In better understanding Earth Science Data Analytics (ESDA), we have spent much effort defining ESDA, and better understanding the different types of data analytics in terms of how the analytics are used.  This will ultimately enable us to better identify/define Earth science data analytics tools and techniques that can directly serve Earth science data research and analysis.

In this session, 18 ESIP members participated in this session possessing expertise/ interests in Science (~3 participants), Data Management (~5), Engineering (~3), Data/Information Science (~5), being a future Data Scientist (~2).

 

Introduction

As an introduction for new ESDA Cluster members, the following highlights were presented:

ESDA Cluster Goal:  To understand where, when, and how ESDA is used in science and applications research through speakers and use cases, and determine what Federation Partners can do to further advance technical solutions that address ESDA needs.  Then do it.

Ultimate Goal: 

To Glean Knowledge about Earth from All Available Data and Information

ESDA Cluster – What we have done

  • 14 Telecons
  • 6 face-to-face sessions
  • 16 ‘guest’ presentations
  • Created an ESDA specific use case template
  • Gathered 18 use Cases
  • Settled/Focused on Data Analytics definition
  • Refocused on Earth science data analytics definition *
  • Settled/Focused on 5 Data Analytics types
  • Refocused on 11 Earth science data analytics types *
  • Acquiring Use Case *
  • Describe/Demonstrate UV CDAT and ClimatePipes visualization analytics tools

* - Subjects of today’s discussion

 

Definition of Earth science data analytics

Goal:  A definition we want to stamp ‘ESIP’ on?

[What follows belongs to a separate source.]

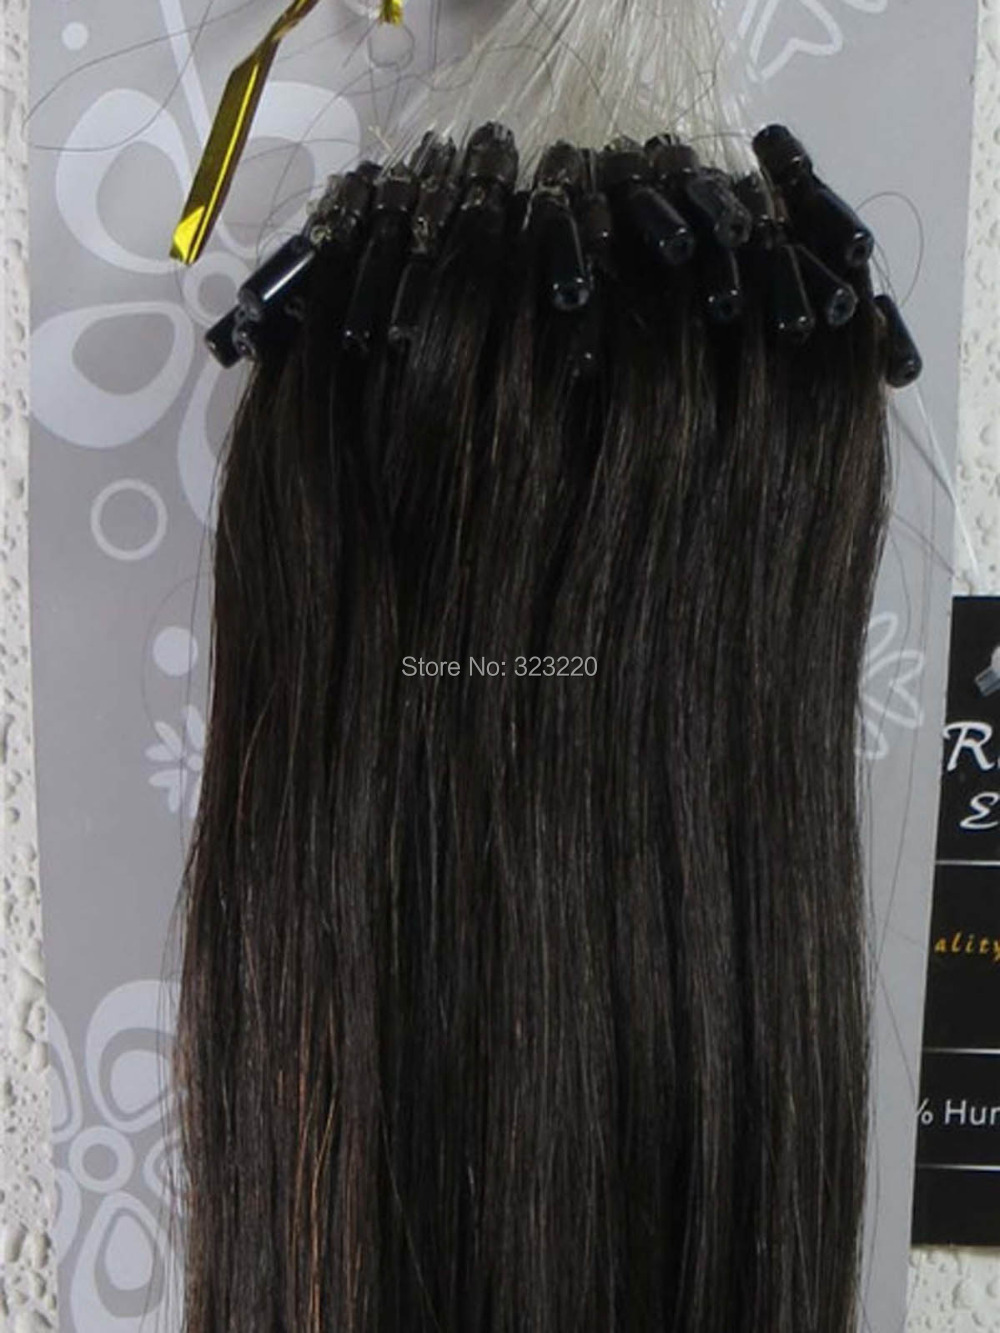 Wholesale Virgin Brazilian 20 22 Womens Human Hair Remy Micro Loop Tip In Extensions Straight 0.5g/s 100s Darkest Brown #2<br><br>Aliexpress

Earth Science Data Analytics Definition:

  • The process of examining large amounts of data of a variety of types to uncover hidden patterns, unknown correlations and other useful information, involving one or more of the following:
    • Data Preparation – Preparing heterogeneous data so that they can ‘play’ together
    • Data Reduction – Smartly removing data that do not fit research criteria
    • Data Analysis – Applying techniques/methods to derive results

Discussion:

- Let’s not worry about the word “Big” what is big now will not be “big” later

- What a domain scientist does analysis within their specific field, whereas data preparation and reduction are more tools to expedite these processes.

     - However, science analysis can include these (preparation and reduction) – Data preparation and Reduction analytics can include the “pre-science” work

     - (We need to be careful in what we call “science” though there is preparation work that scientists do, it is not the actual science)

- Suggested: decouple the data analysis part with the end goal, where we decouple preparation, reduction, and analysis, why not go further in decoupling.

Question then came up regarding the goals of performing data analytics, which actually addressed the second part of today’s session.  Thus with the definition of ESDA in mind, the different types of ESDA were presented, with the intention of returning to discussion of the ESDS definition

 

Definition of Earth science data analytics types

Why is it important to identify Data Analytics Types?

To better identify key needs that tools/techniques can be developed to address.

Basically, once we can categorize different types of Data Analytics, we can better associate existing and future Data Analytics tools and techniques that will help solve particular problems.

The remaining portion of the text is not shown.